### MATERIAL PROVIDED
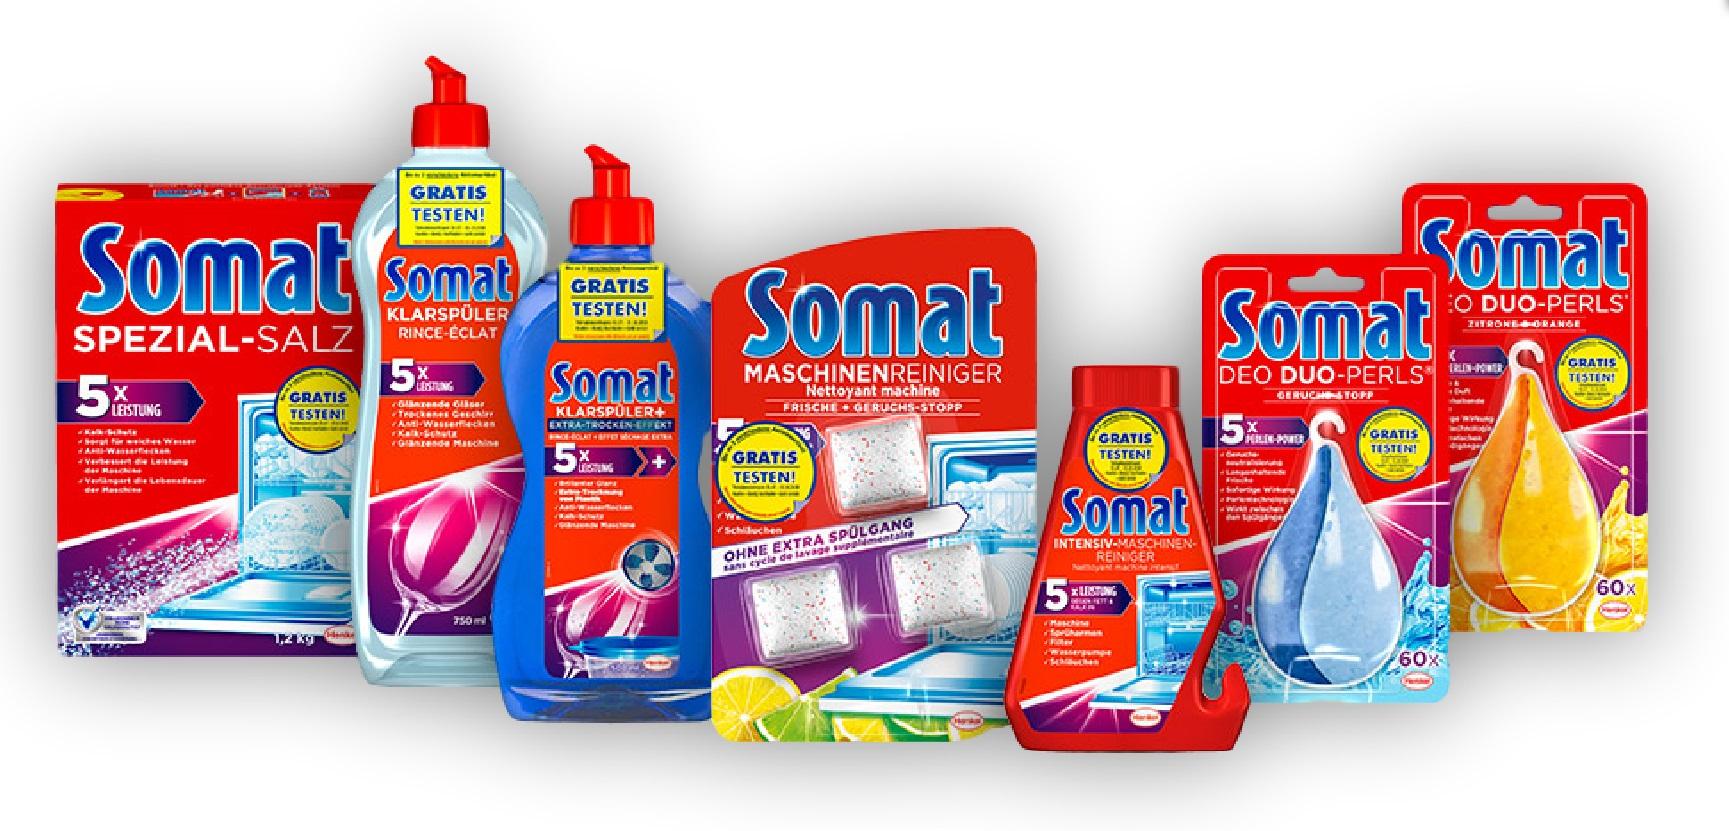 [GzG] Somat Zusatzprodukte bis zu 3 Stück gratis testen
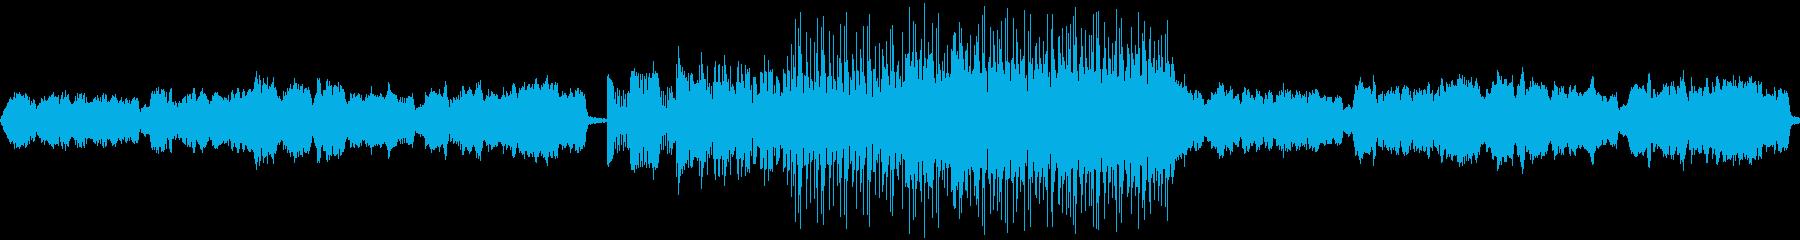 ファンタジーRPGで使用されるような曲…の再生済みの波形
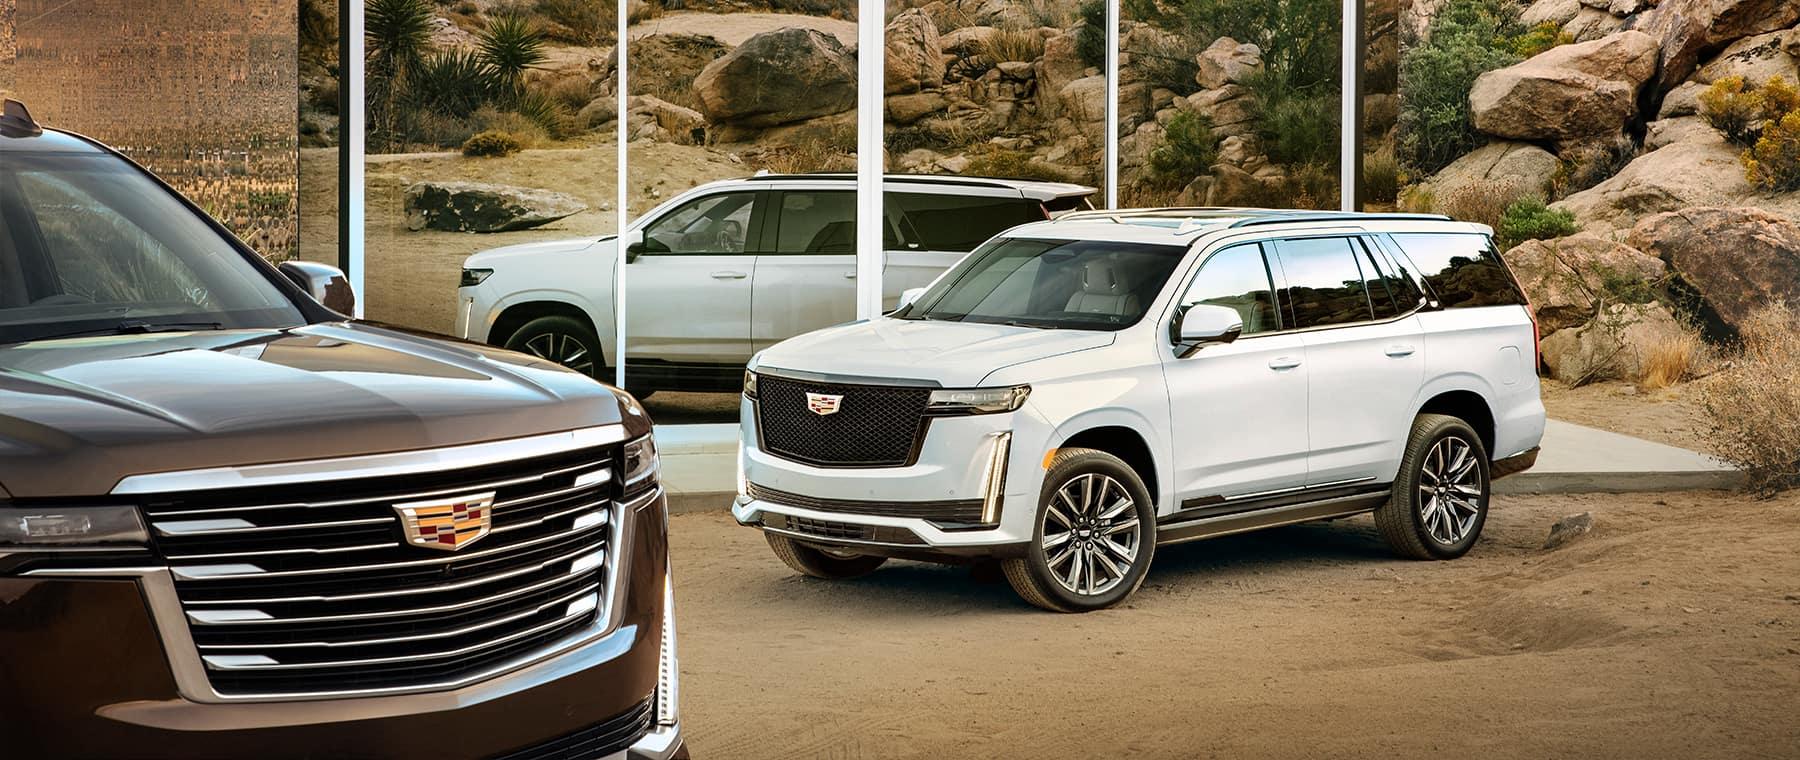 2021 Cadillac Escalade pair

### ASSIGNED TASK
Write out the data exactly, but not its pictures.

### ANSWER TO THIS EXERCISE
 [GzG] Somat Zusatzprodukte bis zu 3 Stück gratis testen
 ファンタジーRPGで使用されるような曲…の再生済みの波形
 2021 Cadillac Escalade pair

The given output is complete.